Quels sont les critères à remplir pour avoir la chance de figurer sur la célèbre une ? Notons d’abord que la gloire va à la notoriété : il s’agit d’une consécration, plus souvent encore d’une confirmation, jamais d’une découverte. D’autres éléments entrent en jeu : les femmes semblent l’emporter sur les hommes, et mieux vaut être belle, noble, riche, adulée par la fortune ; cette brillante vitrine nous présente en effet l’image stéréotypée d’un bonheur inaccessible et convenu, celui d’un monde où les princesses et autres célébrités continuent de faire rêver la bergère qui sommeille en chacun d’entre nous… Quelques turbulences sentimentales, parmi les heureux élus, ne sauraient entamer le modèle d’une vie familiale obéissant aux normes définies par la morale sociale : comme en grammaire, chaque exception – et Dieu sait si elles sont nombreuses – confirme la règle. De toute façon, l’ordre ne sera pas menacé puisqu’il est hors de question d’accueillir dans ce paradigme du conformisme la moindre figure rebelle ou révoltée, voire un peu marginale...

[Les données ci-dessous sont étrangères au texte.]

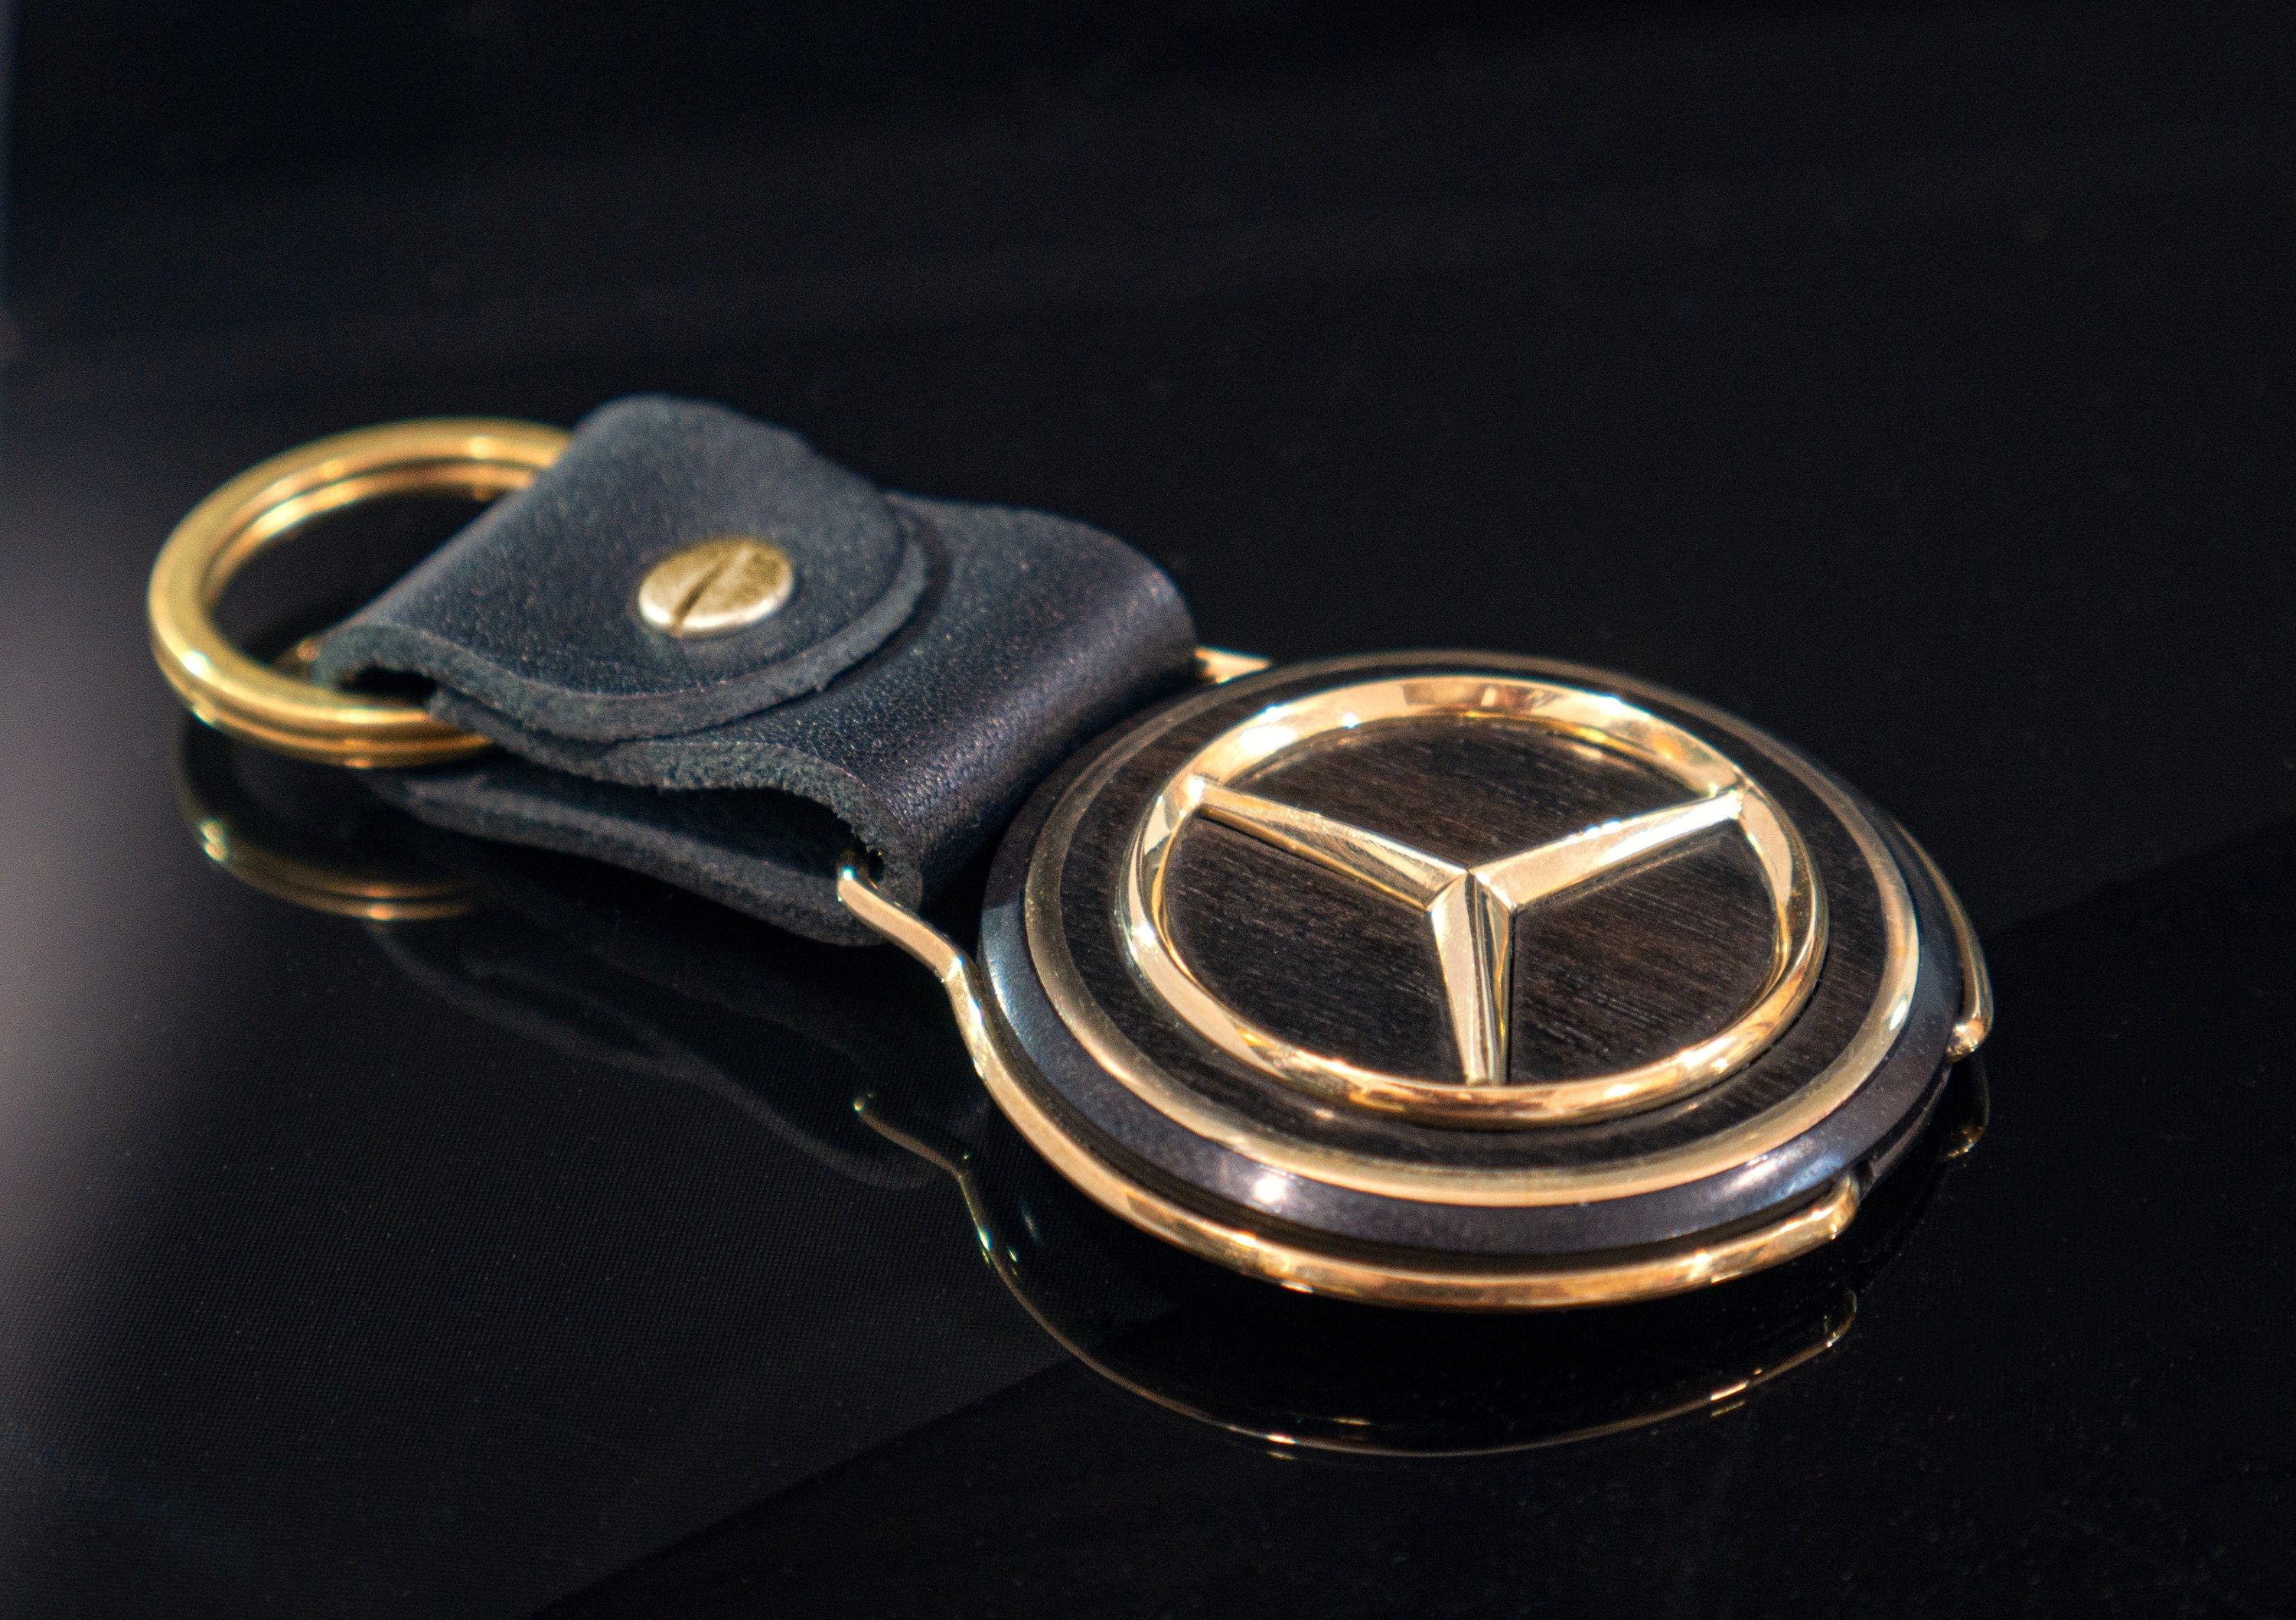 Mercedes-Benz Key Chain Star Chip

Force est de constater que le personnage d’Hélène obéit à tous ces critères. Nous ne nous attarderons pas sur les plus extérieurs, évidents. La reine de Lacédémone est noble – elle est même fille de Zeus, ce qui est autrement prestigieux que de descendre du prince Rainier – et reconnue par tous comme la plus belle femme du monde. Nul ne la voit sans tomber sous son charme. On connaît le passage célèbre où les vieillards de Troie, à la porte Scée, ne peuvent s’empêcher de lui accorder leur admiration : « Il ne faut pas s’indigner si Troyens et Achéens aux beaux jambarts, pour une telle femme, souffrent longtemps des douleurs[1]» Il est tentant de la réduire à cette séduisante apparence : c’est ainsi qu’Euripide, dans la tragédie qu’il lui a consacrée, imagine que ce ne fut qu’un fantôme qui accompagna Pâris à Troie, tandis que la véritable Hélène vivait à la cour de Protée en Égypte. Cette beauté fatale, ce romanesque enlèvement, et la somme de destins mis en branle par un épisode qui relève d’abord de la vie privée, tout cela ne manque pas de faire du personnage un aliment exceptionnel offert à l’imaginaire collectif… Et d’ailleurs, comme on finit par ne voir en l’existence de Caroline de Monaco que l’occasion des belles couvertures de Paris Match, Hélène elle-même finit par se persuader n’avoir vécu que pour nourrir la future épopée homérique : « Zeus nous a fait une mauvaise destinée afin que plus tard nous soyons un sujet de poème pour les hommes à venir[2]. »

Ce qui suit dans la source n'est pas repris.